S. bersaksi bahwa rekan-rekan prajuritnya “banyak menembak, bahkan tanpa alasan – siapa pun yang ingin menembak, karena alasan tertentu, menembak.”

Dalam beberapa kasus, katanya, hal ini “dimaksudkan untuk…membawa orang keluar [dari tempat persembunyiannya] atau untuk menunjukkan keberadaan.”

M., tentara cadangan lainnya yang bertugas di Jalur Gaza, menjelaskan, perintah tersebut akan datang langsung dari kompi atau komandan batalion di lapangan.

“Karena tidak ada pasukan IDF [lainnya] di daerah tersebut… penembakan menjadi begitu bebas sehingga menjadi gila. Dan bukan hanya senjata ringan: senapan mesin, tank dan mortir.” Mengambil tindakan sendiri terhadap hukum adalah hal yang klise

Meski tak ada perintah dari atas, M. bersaksi bahwa prajurit di lapangan selalu main hakim sendiri.

“Prajurit, perwira yunior, komandan batalion – pangkat yunior yang ingin menembak, mereka mendapat izin.”

S. ingat mendengar di radio bahwa seorang tentara yang ditempatkan di kawasan keamanan telah menembak sebuah keluarga Palestina yang berjalan di dekatnya. “Awalnya mereka bilang ‘empat orang’.

Ia menjadi dua anak ditambah dua orang dewasa dan akhirnya menjadi seorang laki-laki, seorang wanita dan dua anak.
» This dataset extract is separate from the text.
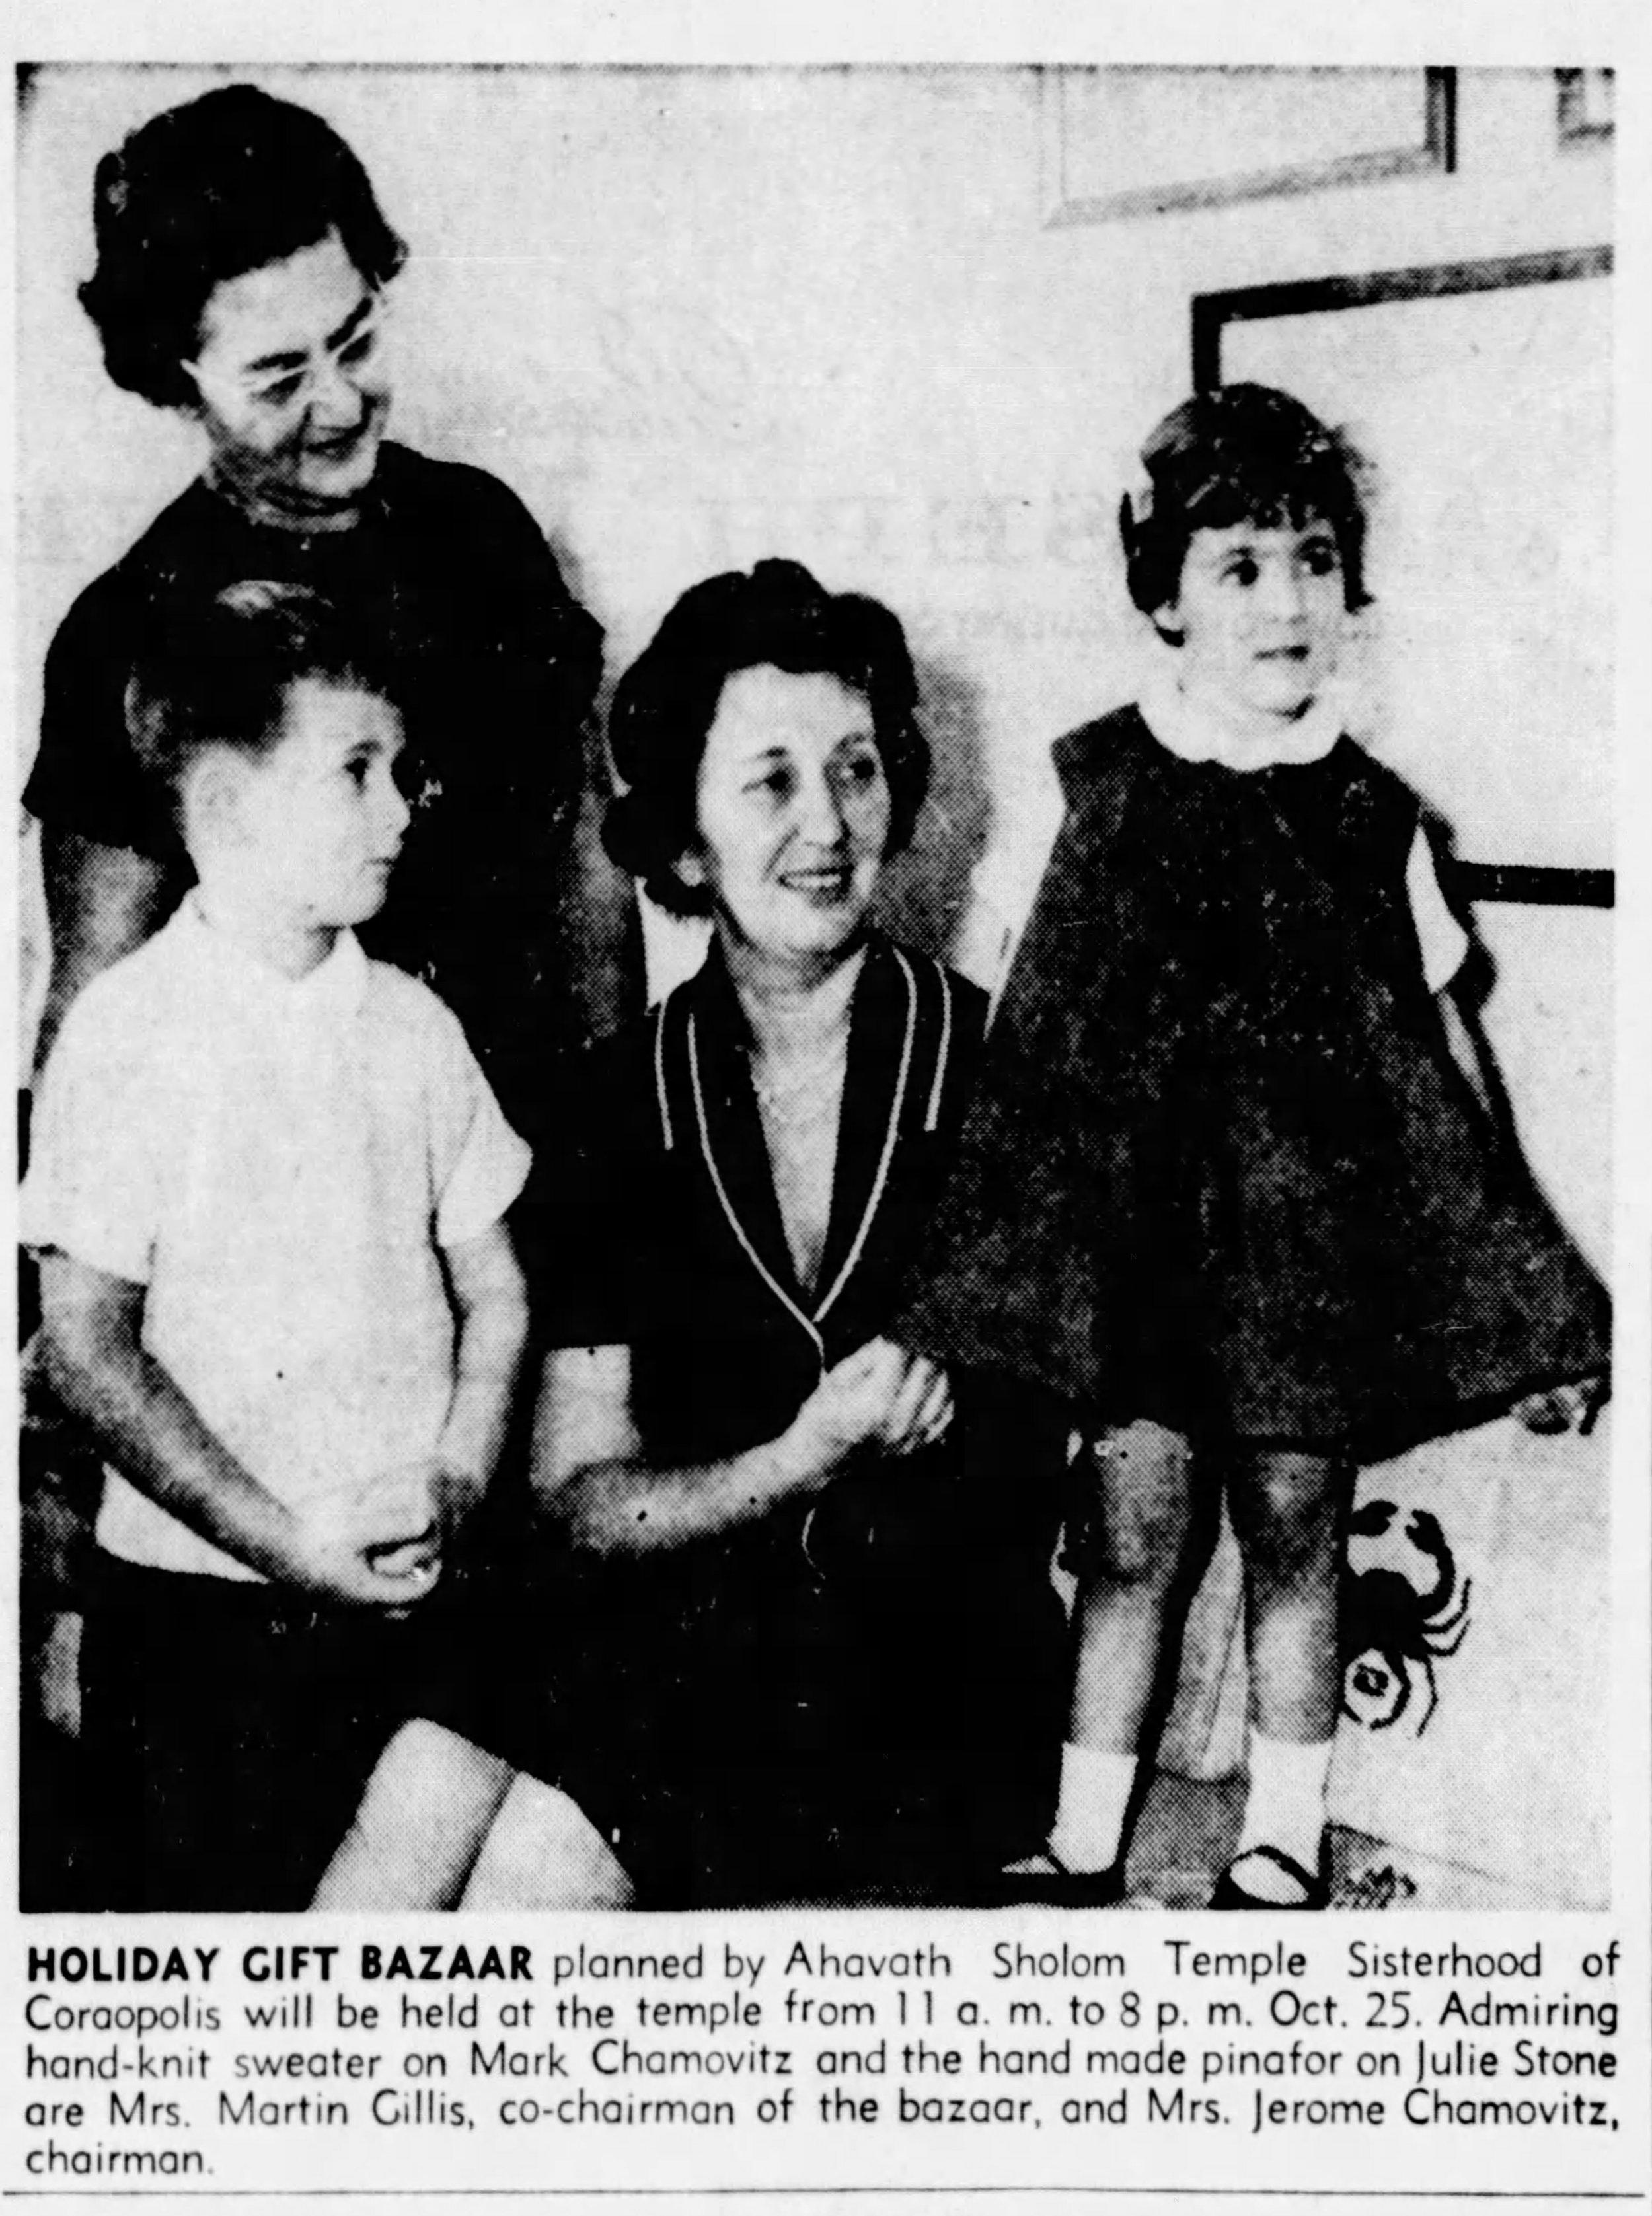 1962-10-16 The Pittsburgh Press (v79, n114, p28)

Anda dapat mengumpulkan gambarnya sendiri.

Hanya satu tentara yang diwawancarai untuk penyelidikan ini yang bersedia disebutkan namanya: Yuval Green, seorang tentara cadangan berusia 26 tahun dari Yerusalem yang bertugas di Brigade Parasut ke-55 pada bulan November dan Desember lalu (Green baru-baru ini menandatangani surat, di mana 41 tentara cadangan menyatakan penolakan mereka. untuk terus bertugas di Gaza setelah invasi tentara ke Rafah).
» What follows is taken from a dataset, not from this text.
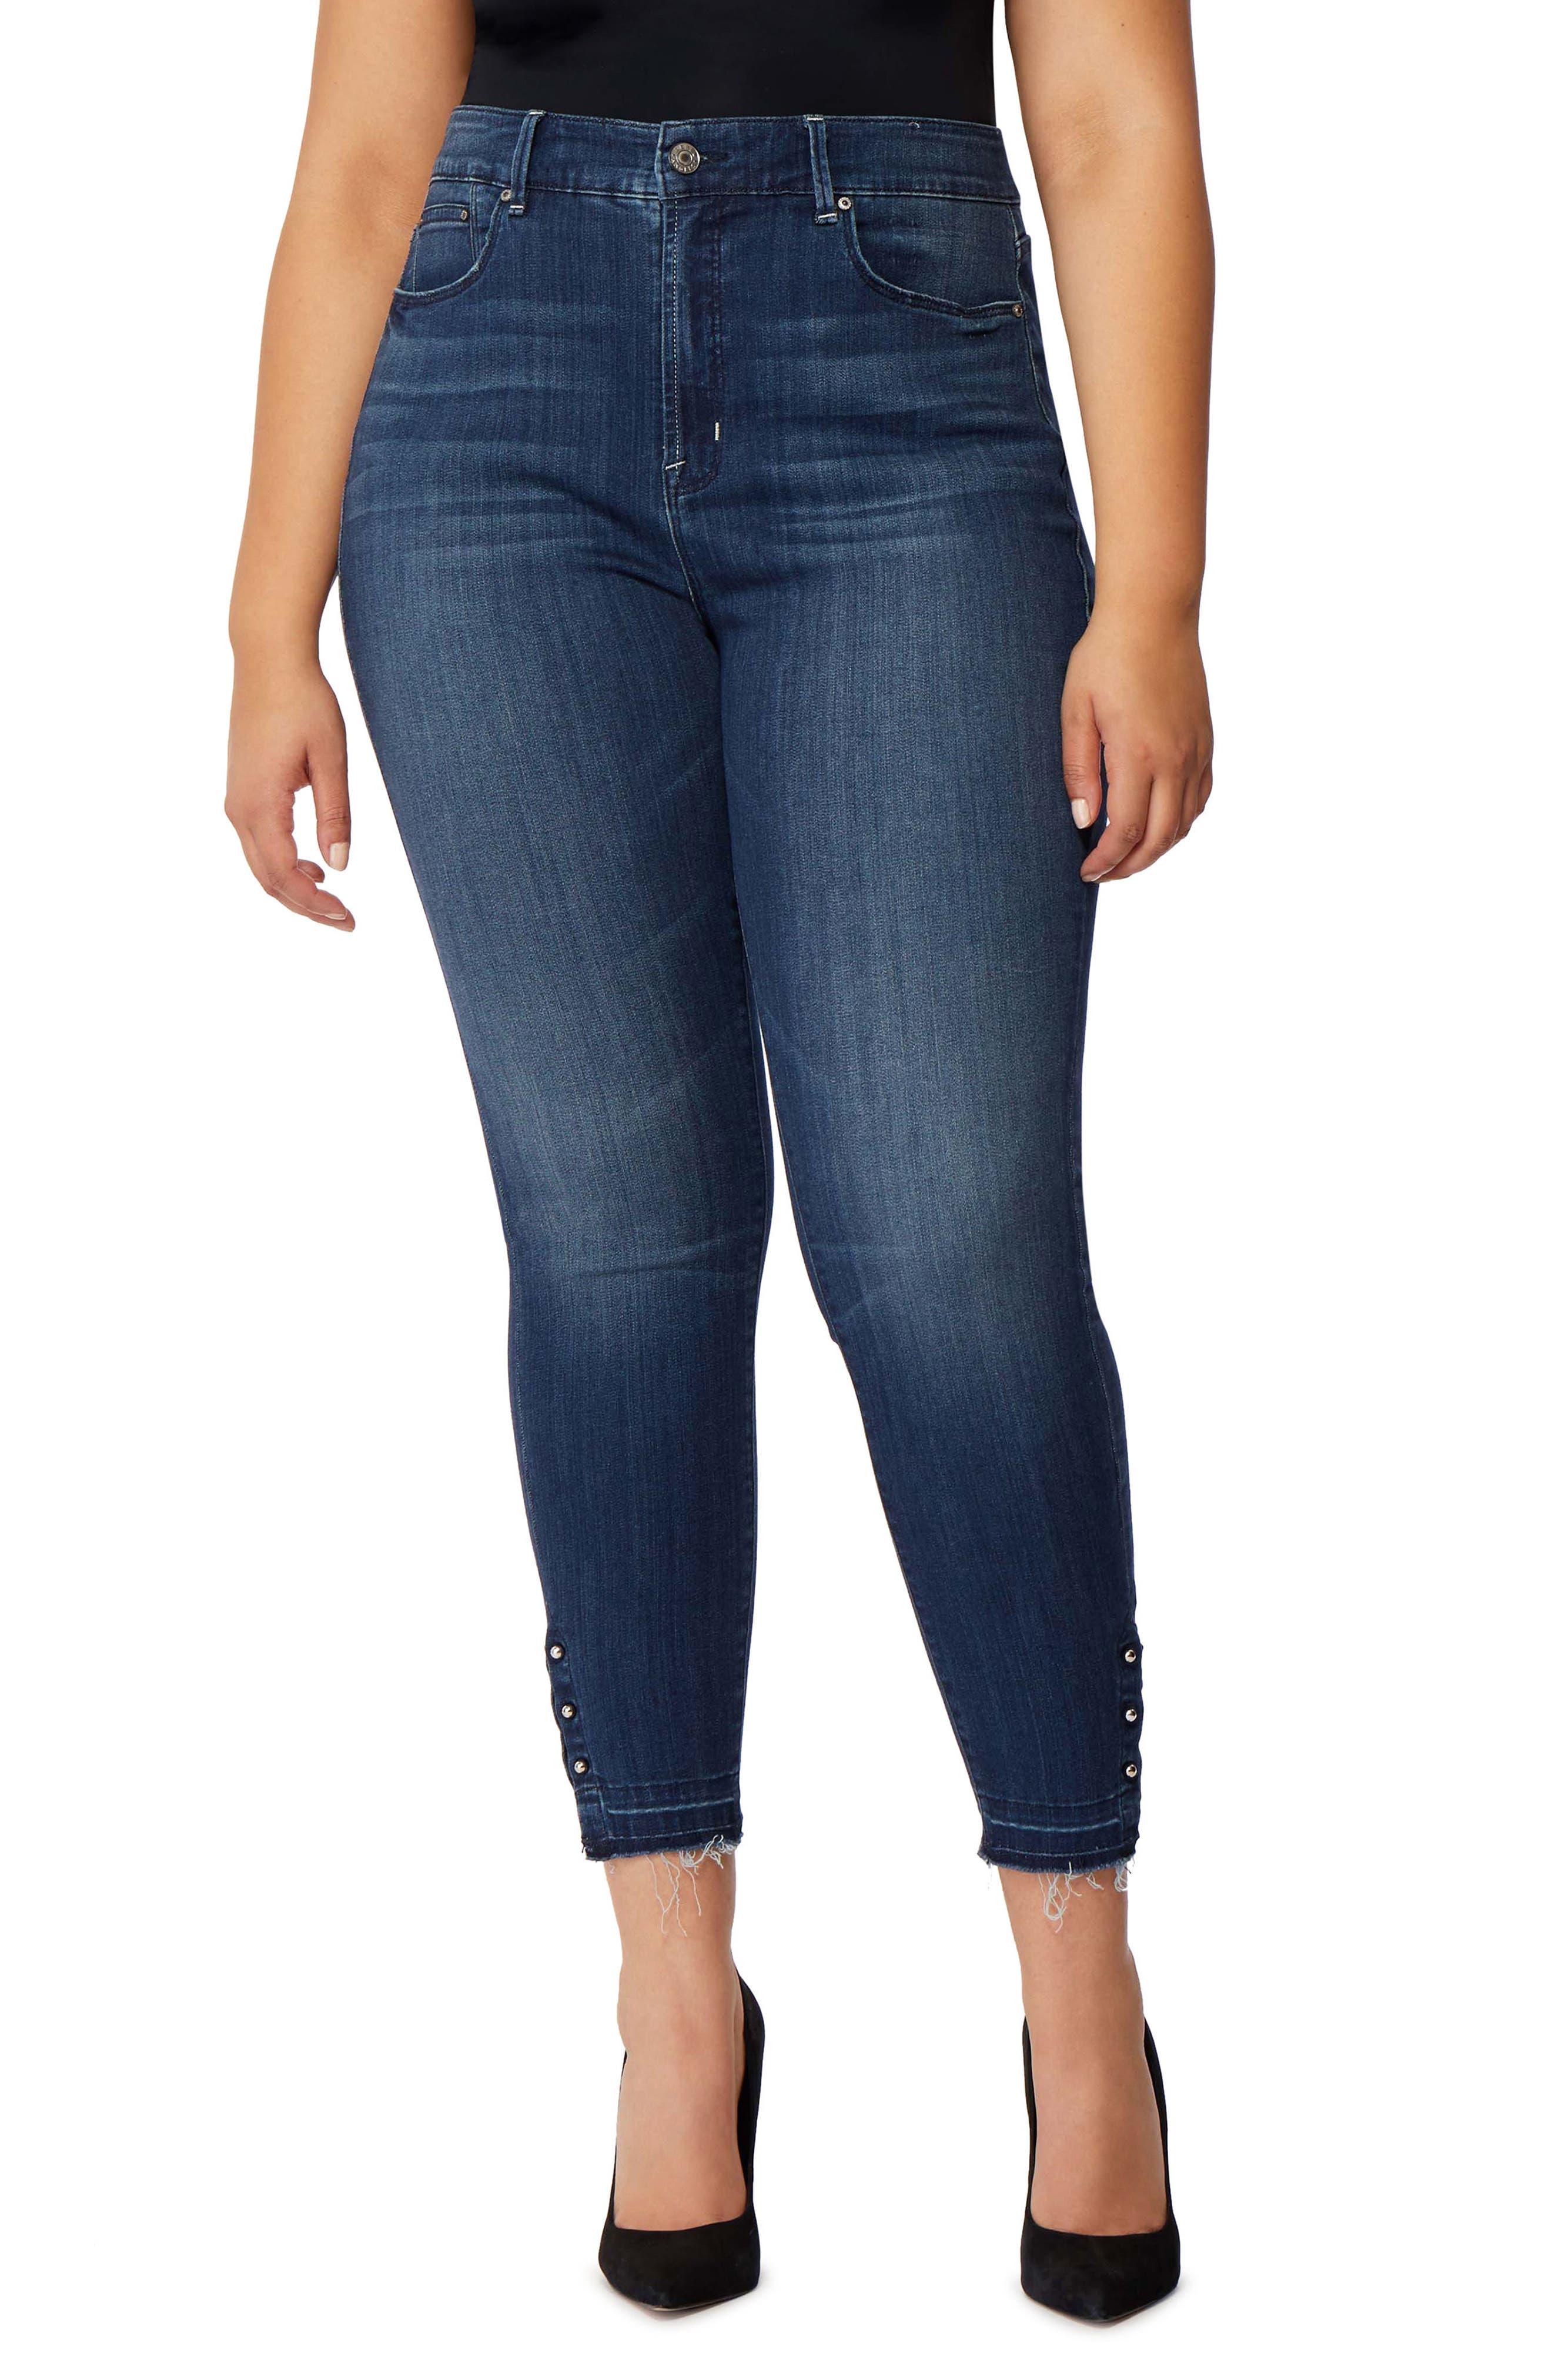 Rebel Wilson The Vamp Crop High Waist Skinny Jeans (Plus Size)

“Tidak ada batasan amunisi,” kata Green kepada +972 dan Local Call. “Orang-orang memotret hanya untuk menghilangkan kebosanan.”

Green menggambarkan sebuah insiden yang terjadi pada suatu malam selama hari raya Yahudi Hanukkah pada bulan Desember, ketika “seluruh batalion melepaskan tembakan bersama-sama seperti kembang api, termasuk amunisi pelacak [menghasilkan cahaya terang]. Ini menghasilkan warna-warna gila, langit menyala, dan ketika [Hannukah ] adalah ‘festival cahaya’, itu menjadi simbolis.”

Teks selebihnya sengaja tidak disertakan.